Author
Cristiane Ceia UFRJ, cristianeceia@gmail.com
Abstract
This quantifies the Inflation in size of PingER data as it is prepared for Linked Open Data (LOD) access. The size of the PingER hourly data for 2005-Sep 2014 archived via FTP in text form amounts to ~ 3.12GB and this corresponds to 15.66*10^9 (billion) triples. Then using 5 triples for each measurement and using Turtle without compression gives us 685 Gbytes or an inflation factor of ~ 200.
Method
In order to have the number of PingER triples, I processed the quantity of measurement values on PingER hourly data from 1998 to September 2014 (packet size: 100 bytes).

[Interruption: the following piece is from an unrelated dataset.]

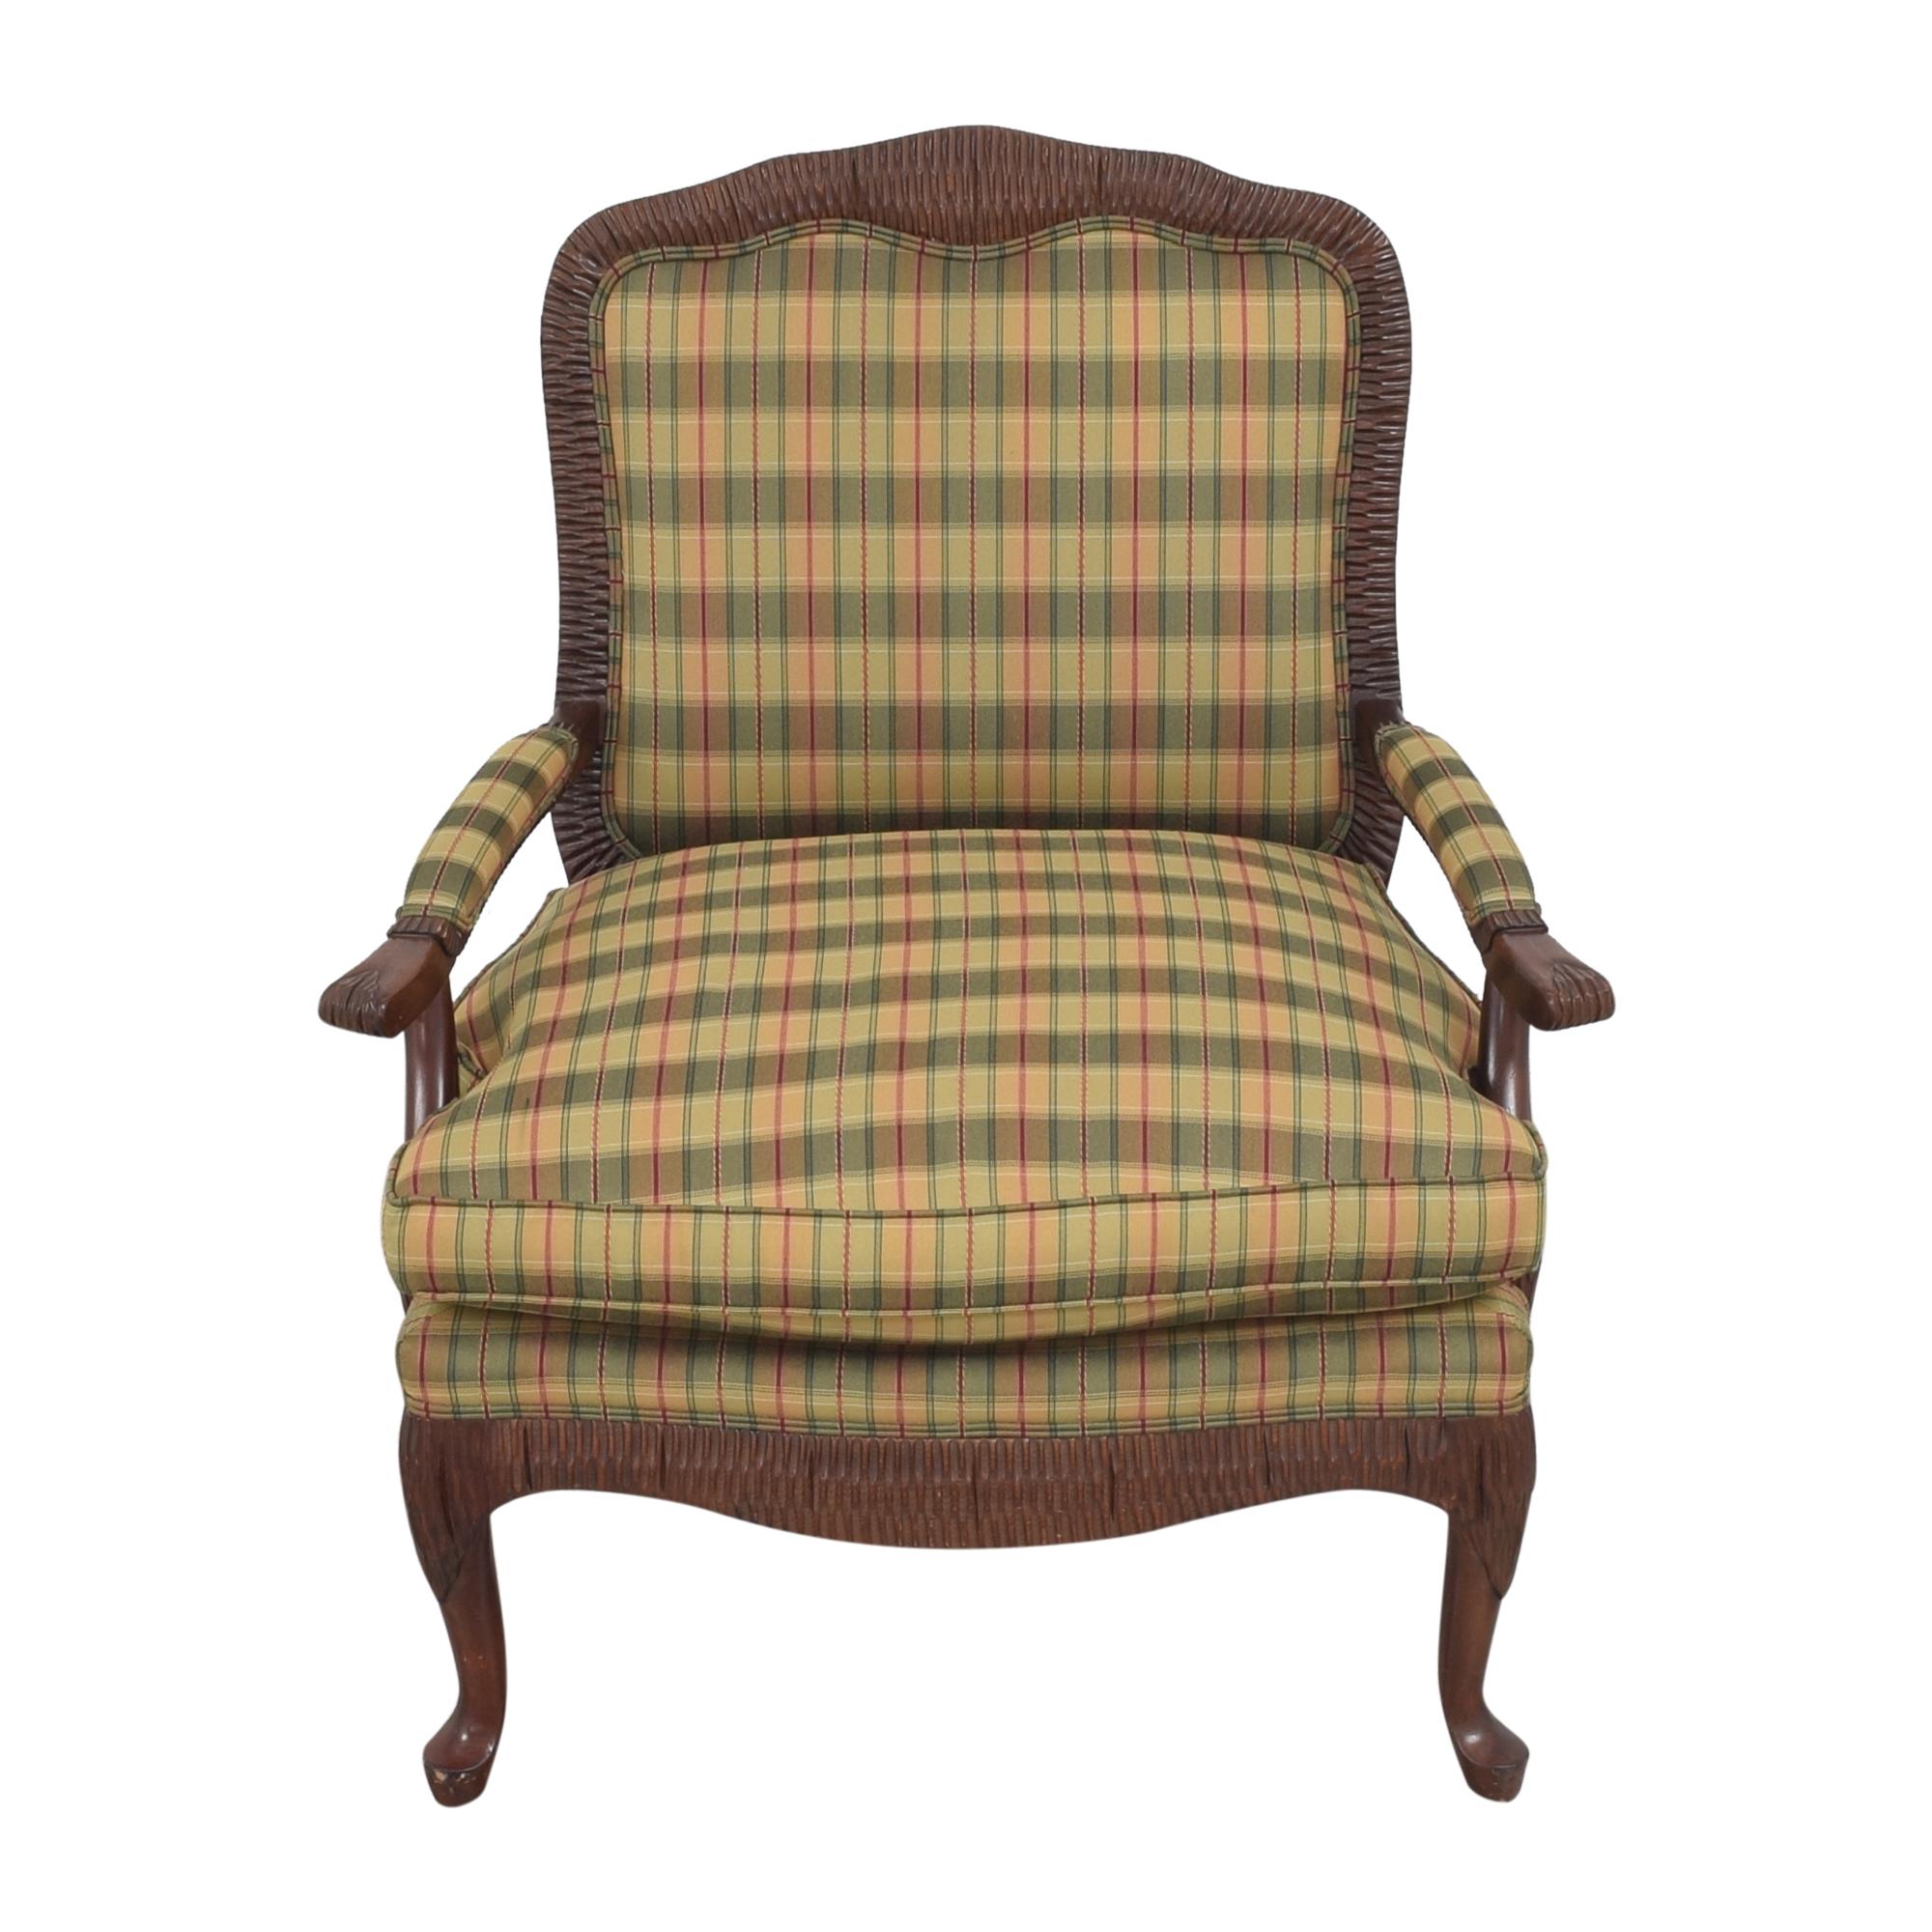 Lexington Furniture Lexington Furniture Upholstered Accent Chair ct

Below, we can see how many measurement values we have per year.
| #Measurements |
1998 | 6,740,974 |
1999 | 8,617,718 |
2000 | 11,617,057 |
2001 | 13,137,702 |
2002 | 7,247,257 |
2003 | 14,690,615 |
2004 | 36,060,787 |
2005 | 32,745,602 |
2006 | 38,461,602 |
2007 | 89,549,322 |
2008 | 115,999,447 |
2009 | 150,312,565 |
2010 | 203,265,500 |
2011 | 441,150,811 |
2012 | 697,272,874 |
2013 | 733,745,502 |
2014 | 531,572,876 |
|
|
Total | 3,132,188,211 |
These measurement values generate 15,660,941,055 triples.
I am considering a basic description of a measurement following Renan's PingER LOD ontology, in which a measurement is minimally defined by 5 triples. Here is an example:
@prefix : <http://www-iepm.slac.stanford.edu/pinger/lod/resource#> .
@prefix o: <http://www-iepm.slac.stanford.edu/pinger/lod/ontologY/PingEROntology.owl#> .
:EDU.SLAC.STANFORD.N3-BR.UFRJ.PINGER-AverageRTT-15Feb03H23 a o:Measurement ;
o:measuresMetric :AverageRTT ;
o:hasSourceDestinationNodes :EDU.SLAC.STANFORD.N3-BR.UFRJ.PINGER ;
o:hasDateTime :Time15Feb03H23 ;
o:hasValue 233.926 .
The volume in bytes to define one measurement, stored as plain text, utilizing RDF turtle format, WITHOUT any compression or indexing techniques (which commonly reduces size of data and is dependent on the Triple Store we are going to use) gives us 235 bytes. Hence, the estimate for the total triplified data volume in bytes is 235 * #Measurements = 736,064,229,585 bytes (about 685.5 GB).